Posted on 01/26/2012 10:10:46 AM PST by Mr. K

In the late 1970s in the Jimmy Carter administration, I had a ringside seat for the political collapse of the last modern attempt to replicate a massive New Deal jobs program. This repudiation of public service employment marked the symbolic end of 20th century big government liberalism, although as an aide to Secretary of Labor Ray Marshall I only dimly sensed the coming Reagan Revolution.

Normally, this is not a story that turns me into a prized raconteur at dinner parties. But this half-forgotten attempt to deal with the human cost of high unemployment (7.5 percent when Carter took office) suddenly takes on a new relevance as government-created jobs have emerged as a leading policy option on the left. The program's appeal to those panicked about the deathbed economy is obvious. Instead of trying to indirectly spur employment with tax incentives, public works spending, and aid to state governments, a government jobs program would take a direct whack at the jobless rate.

Related: With 16 Million Jobless, Should the Feds Pay People to Work?

That was the idea back in 1977 when Carter, responding to liberal pressure, spurred Congress to dramatically expand the anti-recessionary CETA program (Comprehensive Employment and Training Act). Peaking at 725,000 public service jobs in 1978, CETA by itself trimmed nearly 1 percent off the unemployment rate before adding in the economic ripple effects from all these new paychecks. Given this statistical success, why did CETA become as derided as Jerry Ford's attempt to tame escalating prices with WIN (Whip Inflation Now) buttons? Americans have always been skeptical of temporary government jobs dating back to Franklin Roosevelt's WPA, which employed 3.3 million otherwise jobless in 1936. The image of government-paid workers leaning on their shovels was a Depression era staple and the WPA (Works Progress Administration) was mocked as standing for We Piddle Around.

In the Labor Department, we recognized that this would be a perception problem with CETA, but public employee unions made it nearly impossible to solve. The unions demanded that CETA employees either be paid comparable wages to existing government workers (impossible for cost and fairness reasons) or else they explicitly should be limited to tasks that were not already being done.

That was the crux of the policy dilemma: The voters did not want make-work and the unions did not want real work.

The unions, of course, prevailed. As a result, I vividly recall that a county in California used CETA workers to conduct a cat-and-dog census. (Truth in anecdotage: I have been unable to find a document to confirm this memory.) CETA employees did perform useful work -- from asbestos removal to assisting in libraries and senior citizen centers. But these workers also got fobbed off to nonprofit agencies, many of them community action leftovers from the 1960s with (shocking revelation ahead) political ties.

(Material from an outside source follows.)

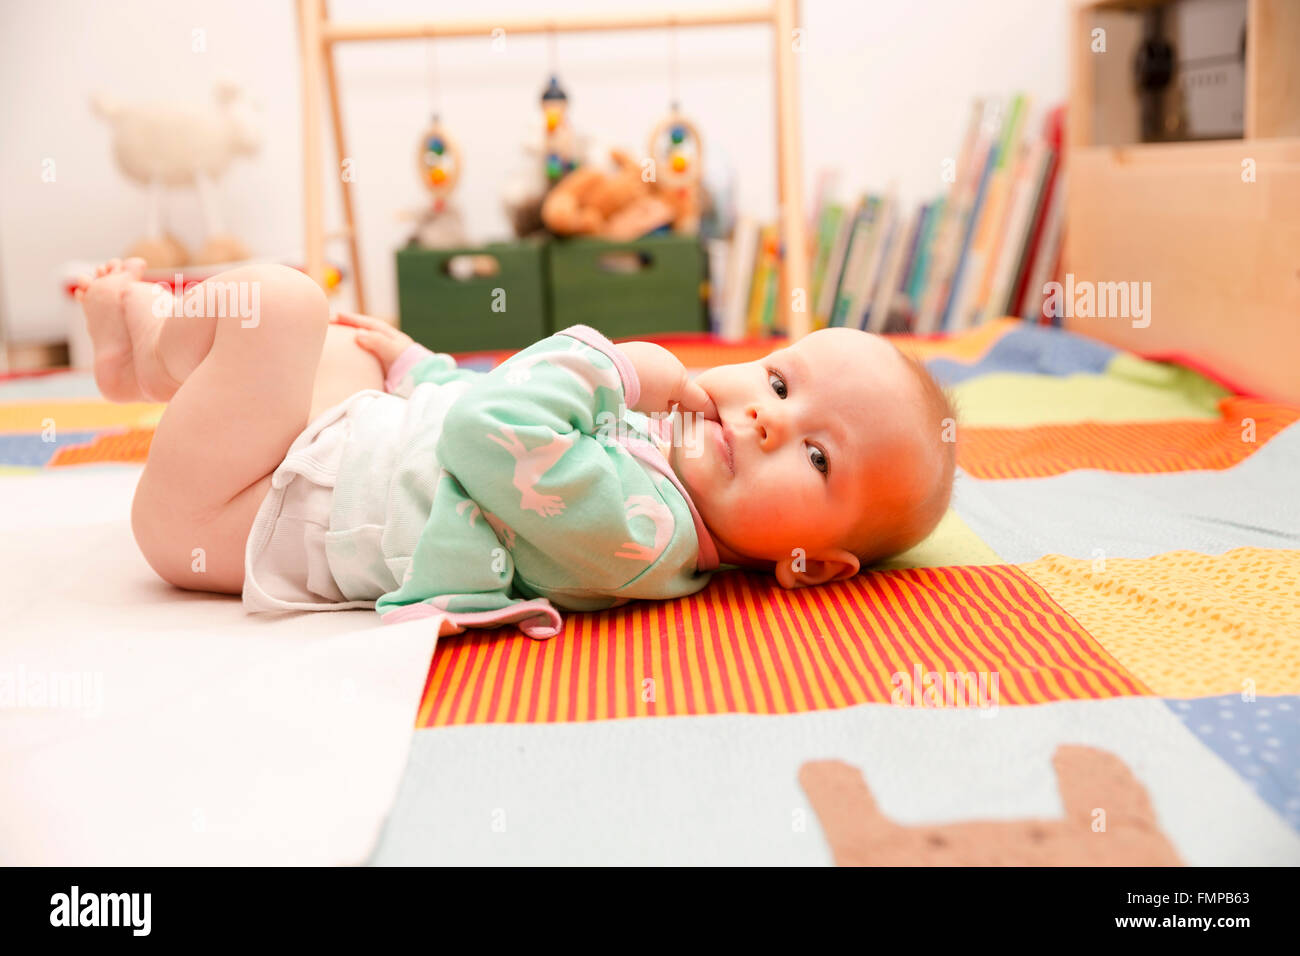 Baby, 6 months old, lying on a colourful blanket Stock Photo
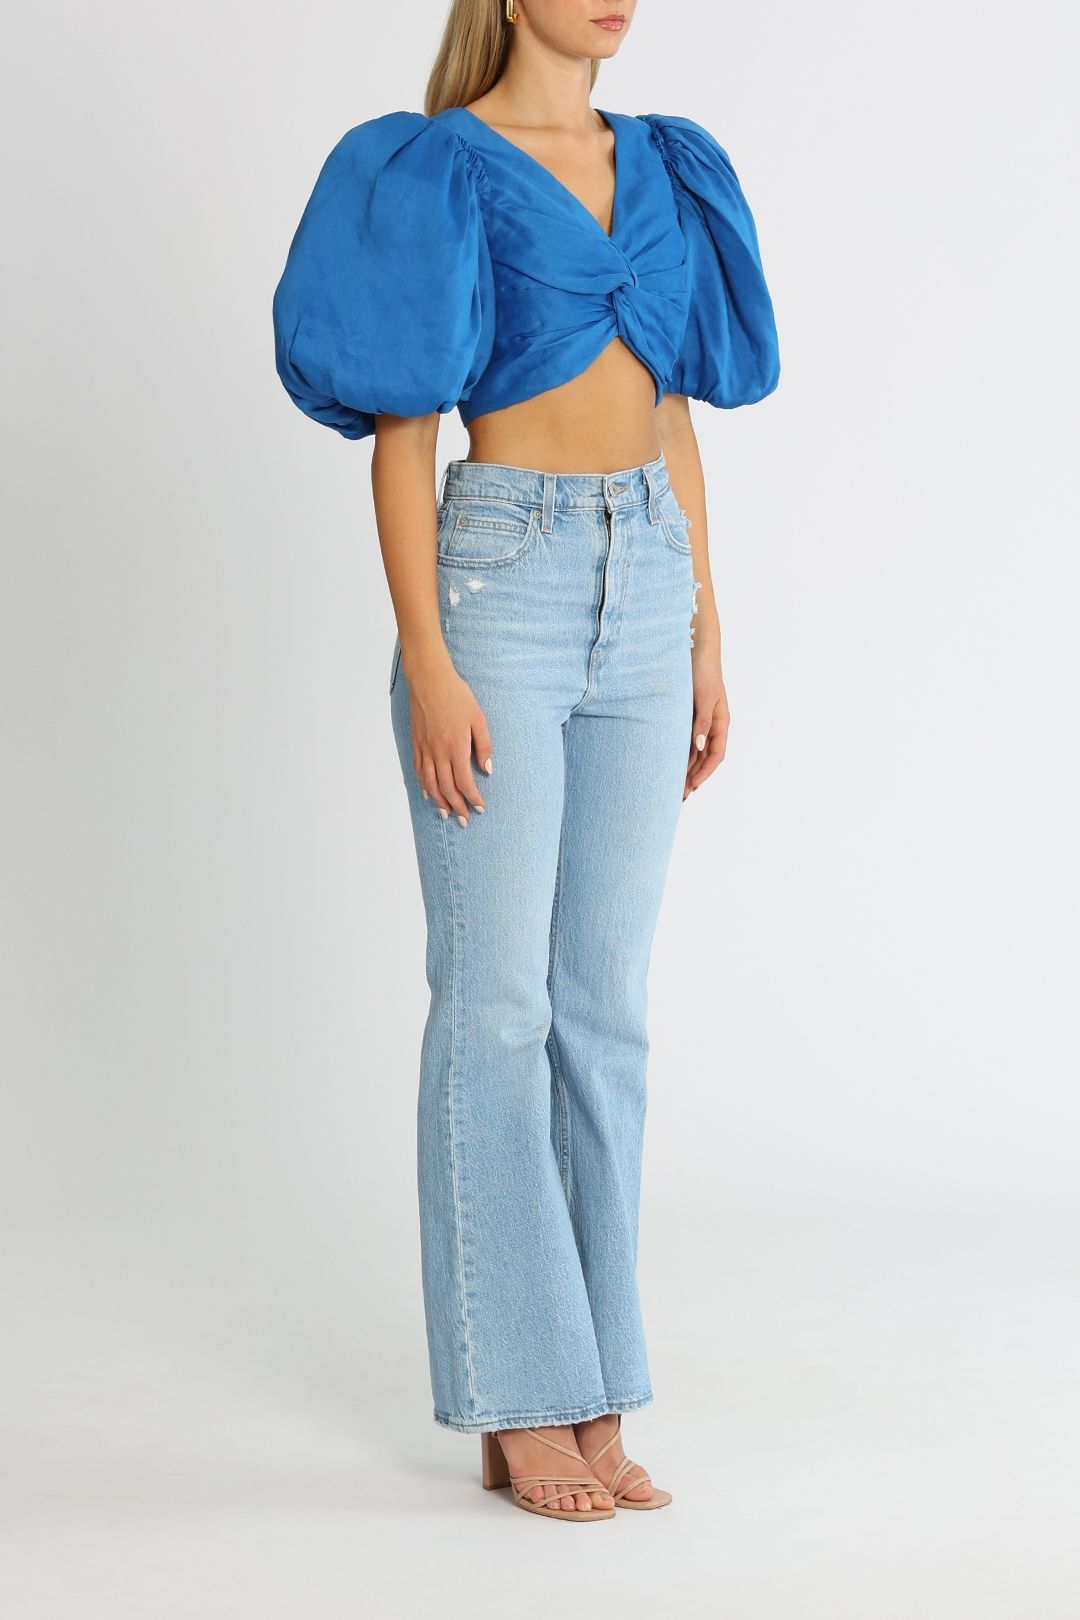 AJE Reverb Puff Sleeve Cropped Top Cobalt Blue Front Twist Detail

What made the problem worse was that Washington only loosely controlled CETA. Following the questionable gospel that state and local governments always know best, CETA programs were decentralized. (I failed to interest anyone in recreating the Federal Writers Program and publishing new editions of the Depression-era state guides). Local officials reaped the credit if library hours in, say, Omaha were extended because of CETA workers. But every scandal ­-- like the brother of a city councilman getting a no-show CETA job -- was directly blamed on the Carter administration. Another memory: someone deliberately set a fire in a downstate Illinois city hall to destroy the records of illegal CETA jobs.

Looking back at that era, I am embarrassed by the earnest naiveté of many of us in the Carter administration. Since the Democrats (after that unfortunate Richard Nixon detour) were America's natural governing party, mid-level political appointees did not have to worry about effective management. Good intentions were enough. Some of the rules that governed CETA were inadvertently self-defeating, such as limiting participation to the long-term unemployed. As a result, workers who could not hold jobs in flush times got many of the CETA slots, while the short-term victims of the economic downturn often were left on the sidelines. That may have been crude social justice, but it did little to enhance the image of CETA workers.

Conservatives reading this brief history may feel justified in their scorn for government programs. But the problem with CETA was not that it embodied Big Government, but that it was not big enough. CETA left behind no lasting monuments like LaGuardia Airport and the Hoover Dam, no evocative art like the WPA murals in post offices and libraries. The administration of CETA was lax, but almost all of its scandals were small-bore local corruption.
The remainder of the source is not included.